2. The method according to claim 1, characterized in that, Before inputting the voxel features of each atom into a preset convolutional neural network model to obtain the geometric features of each atom, the process further includes: Acquire training sample data, which includes coordinate information and chemical bond information of multiple sample protein models; The sample voxel features of each sample atom in each sample protein model are determined based on the coordinate information of each sample protein model. Obtain the label value corresponding to each atom in each protein model sample; The pre-defined convolutional neural network model is trained by taking the sample voxel features of each atom in each protein model as input and the label value corresponding to the sample atom as output.

3. The method according to claim 2, characterized in that, The process of obtaining the label value corresponding to each sample atom in each sample protein model includes: Obtain the reference protein model corresponding to each sample protein model; Calculate the similarity coefficient between each sample atom in each sample protein model and the corresponding atom in the corresponding reference protein model to obtain the label value corresponding to each sample atom in each sample protein model.

4. The method according to claim 3, characterized in that, The calculation of the similarity coefficient between each sample atom in each sample protein model and the corresponding atom in the corresponding reference protein model, to obtain the label value corresponding to each sample atom in each sample protein model, includes: Obtain the atomic number information of the neighboring atoms of the target sample atom within a preset neighborhood radius in the target sample protein model, and calculate the distance between the target sample atom and each neighboring atom to obtain the first distance information; Based on the atomic number information, reference neighboring atoms are determined in the reference protein model corresponding to the target sample protein model, and the distance between the target reference sample atom corresponding to the target sample atom and each reference neighboring atom is calculated to obtain the second distance information; A preset mapping function is used to map the difference between the first distance information and the second distance information to obtain the label value corresponding to the target sample atom in the target sample protein model; Iterate through each atom in each protein model and calculate the label value corresponding to each atom in each protein model.

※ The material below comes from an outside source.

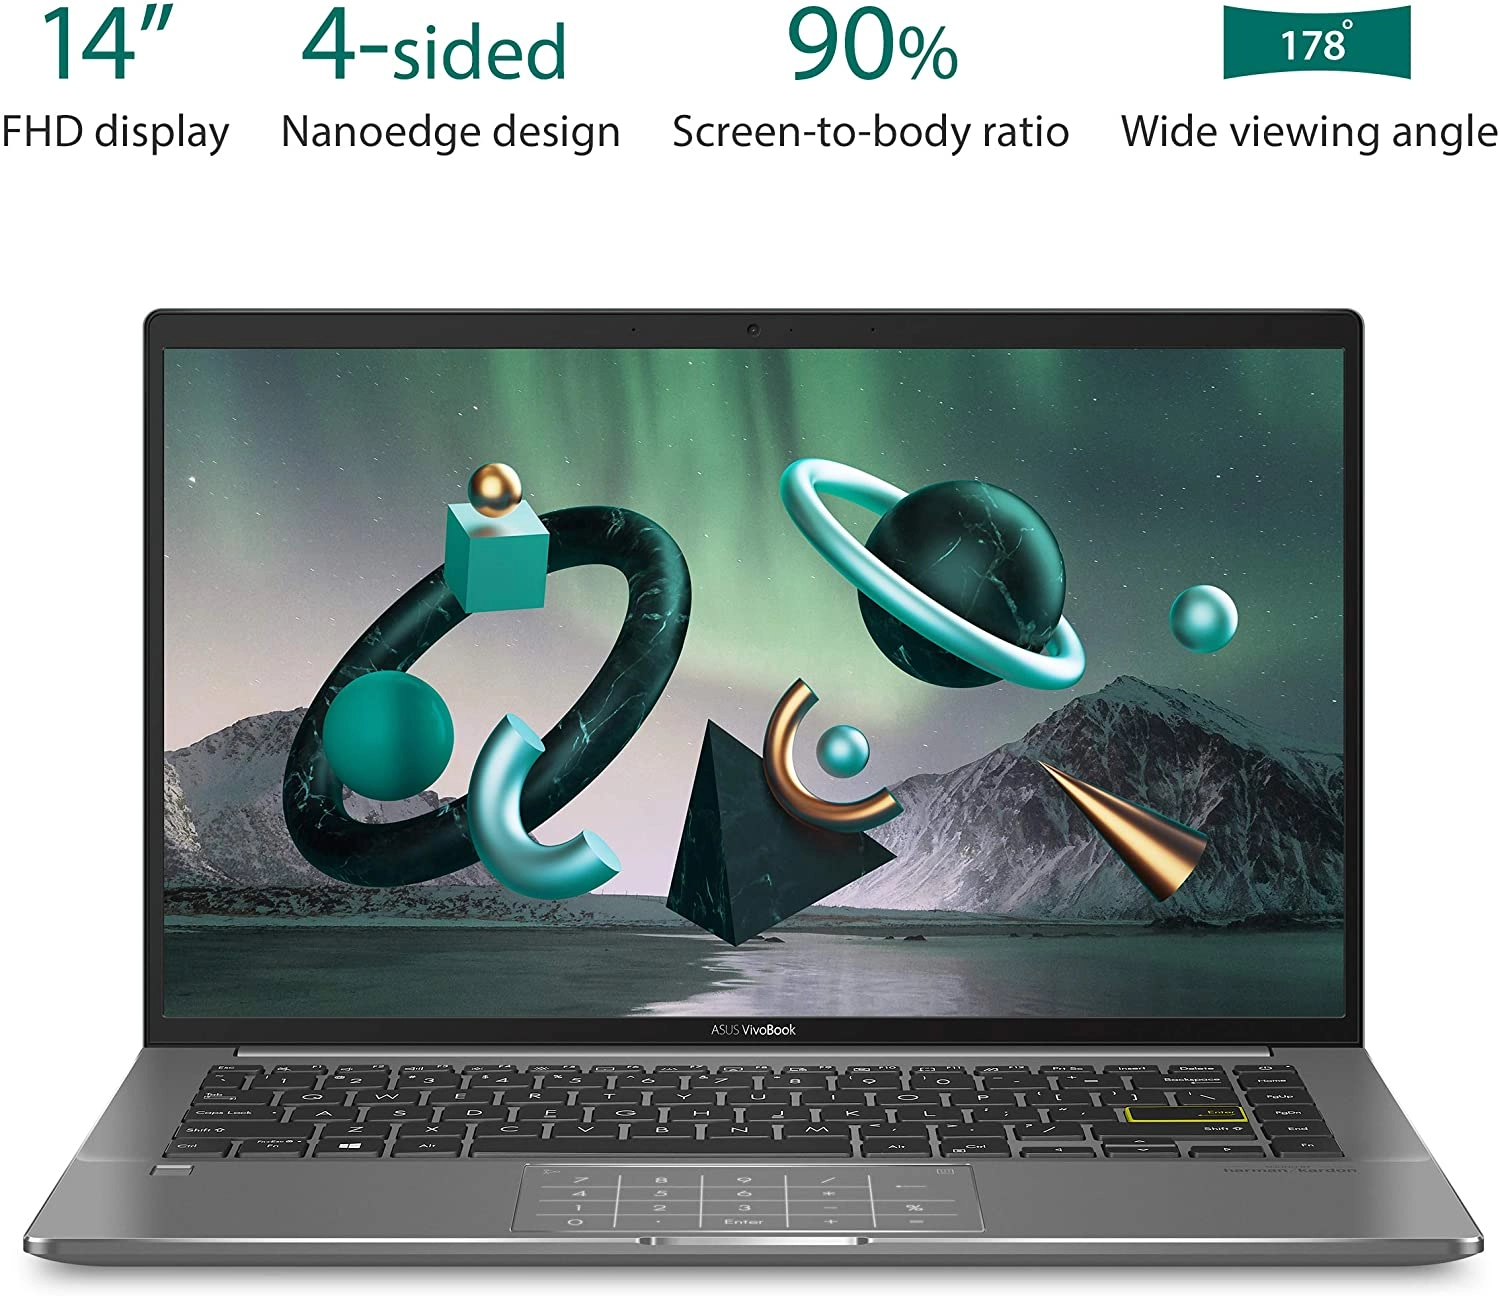 Asus VivoBook S laptop image

5. The method according to claim 2, characterized in that, The process of training a pre-defined convolutional neural network model by taking the voxel features of each sample atom in each protein model as input and the label value corresponding to the sample atom as output includes: The sample voxel features of each sample atom in each sample protein model are input into a preset convolutional neural network model to obtain the output voxel features corresponding to each sample atom output by the preset convolutional neural network model. The output voxel features corresponding to each sample atom are devoxed to obtain the output score of each sample atom. The model parameters in the preset convolutional neural network model are adjusted based on the difference between the output score of each sample atom and the label value corresponding to each sample atom until the preset convolutional neural network model converges.

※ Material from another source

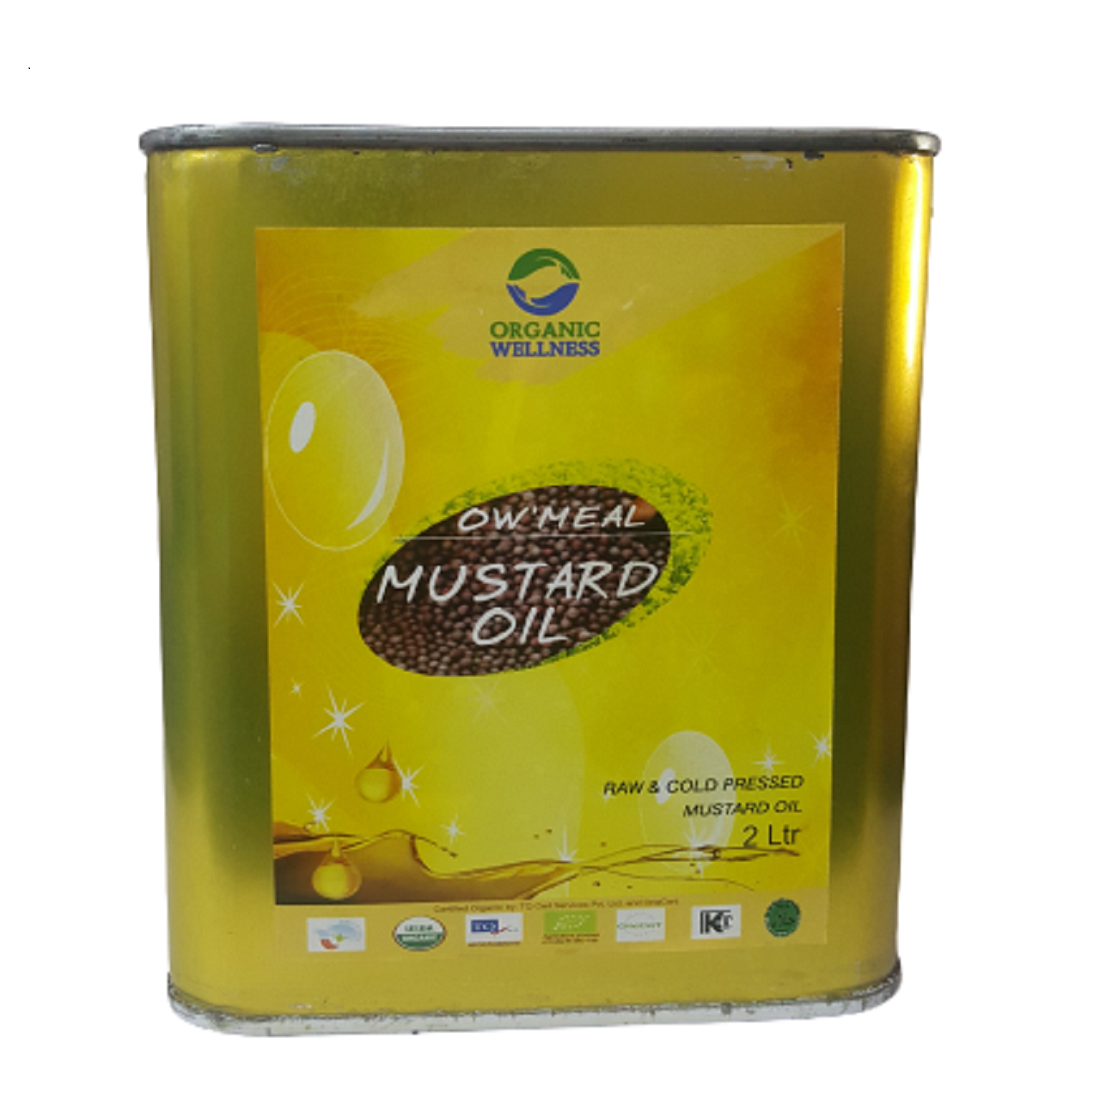 Organic Wellness Ow'meal Mustard Oil

6. The method according to claim 1, characterized in that, The coordinate information and attribute features of each atom are converted into voxel features to obtain voxel features of each atom. These voxel features include voxel coordinate features and voxel attribute features, including: The coordinate system of the target protein model is cubically meshed according to the preset mesh side length; Determine the cube grid where each atom is located, and determine the voxel coordinate characteristics of each atom based on the coordinate information of the cube grid; Calculate the average value of the property characteristics of multiple atoms contained in each cubic grid to obtain the property information of each cubic grid; The voxel attribute features of each atom are determined based on the attribute information of each cubic grid. The voxel coordinate features of the atom and the voxel attribute features of the atom constitute the voxel features of the atom.

7. The method according to claim 1, characterized in that, The process of fusing the geometric features of each atom with its corresponding topological features to obtain the fused features of each atom includes: Obtain preset feature splicing rules; According to the preset feature splicing rules, the geometric features of each atom are spliced ​​into the topological features of each atom to obtain the fused features of each atom.

8. The method according to claim 7, characterized in that, Before inputting the updated graph structure into the graph convolutional neural network model for processing to obtain the model quality score of each atom, the process further includes: Obtain the sample fusion features of each atom in the protein model of the training sample data; Obtain the label value of each atom in the protein model of the training sample data; The graph structure, constructed using the sample fusion features of each sample atom, is used as input, and the label value corresponding to the sample atom is used as output to train the graph convolutional neural network model.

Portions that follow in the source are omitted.